KNearestNeighbor_Dump.py(to be run on little endian machine):

import joblib

# Load dataset
from sklearn.datasets import load_iris
from sklearn.model_selection import train_test_split
from sklearn.neighbors import KNeighborsClassifier as KNN

iris = load_iris()

X = iris.data
y = iris.target

# Split dataset into train and test
X_train, X_test, y_train, y_test = train_test_split(X, y, test_size=0.3, random_state=2018)

knn = KNN(n_neighbors=3)

# train model
knn.fit(X_train, y_train)
result = knn.predict(X_test)
print(result)

dump_file = "./KNearestNeighbor.joblib"
tuple_pickle = (knn, X_test, result)
with open(dump_file, 'wb') as file_dump:
    joblib.dump(tuple_pickle, file_dump)

KNearestNeighbor_Load.py(to be run on Big Endian machine after copying KNearestNeighbor.joblib file generated from above program):

import joblib
from sklearn.neighbors import KNeighborsClassifier as KNN

dump_file = "./KNearestNeighbor.joblib"
with open(dump_file, 'rb') as file_reader:
    trained_model, testing_data, original_prediction = joblib.load(file_reader)
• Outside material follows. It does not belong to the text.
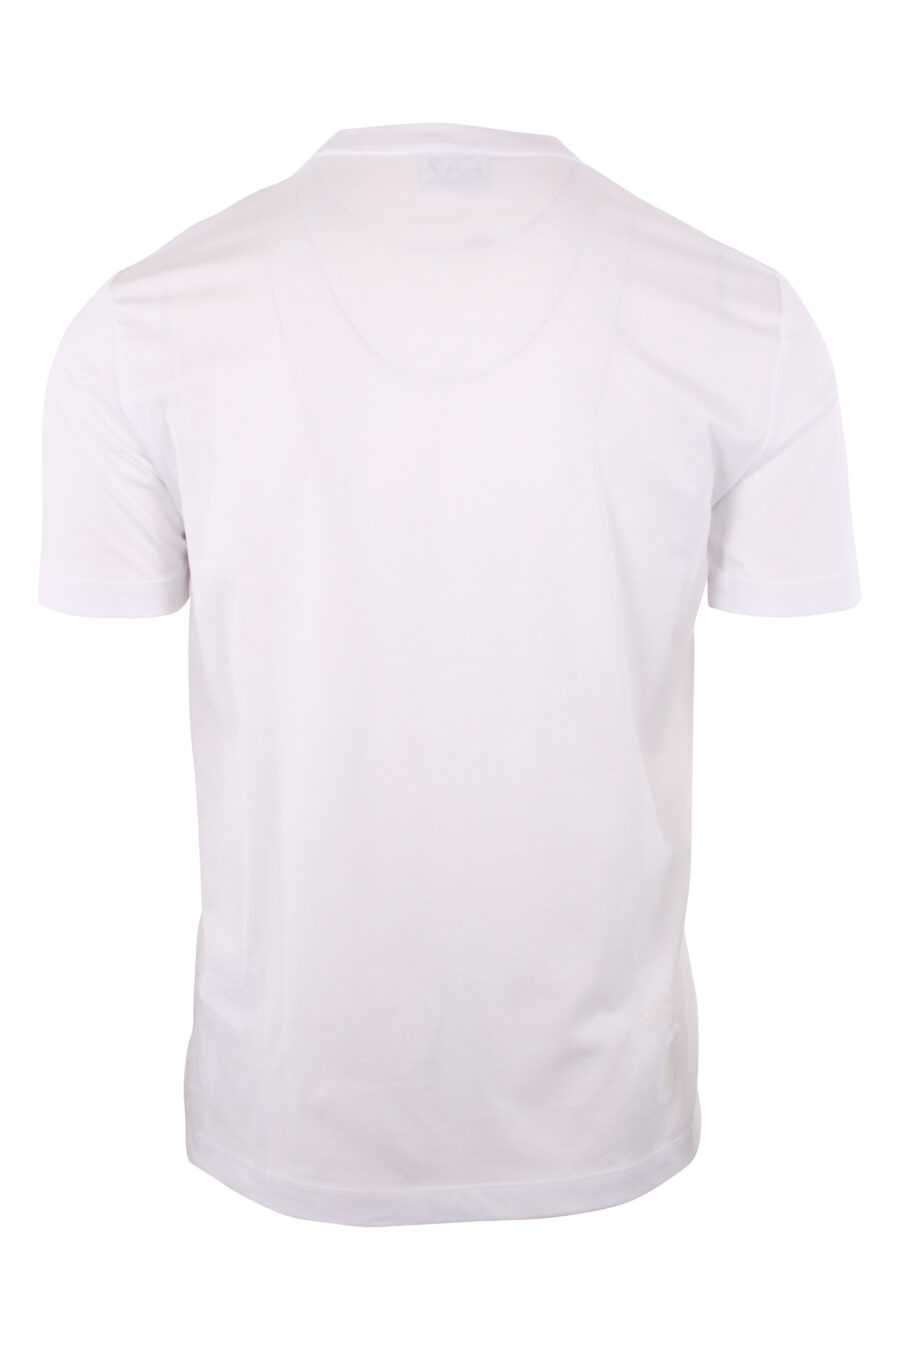 Camiseta blanca con maxilogo "lux identity" negro - IMG 2007

dump_result = trained_model.predict(testing_data)
print(dump_result)
print(original_prediction)

RandomForest_Dump.py(to be run on little endian machine):
import os
import joblib
import numpy as np
from sklearn.datasets import load_iris
from sklearn.ensemble import RandomForestClassifier
from sklearn.model_selection import train_test_split

#Creating datasets
iris = load_iris()
X = iris.data
y = iris.target

X_train, X_test, y_train, y_test = train_test_split(
    X, y, test_size=0.1, random_state=13)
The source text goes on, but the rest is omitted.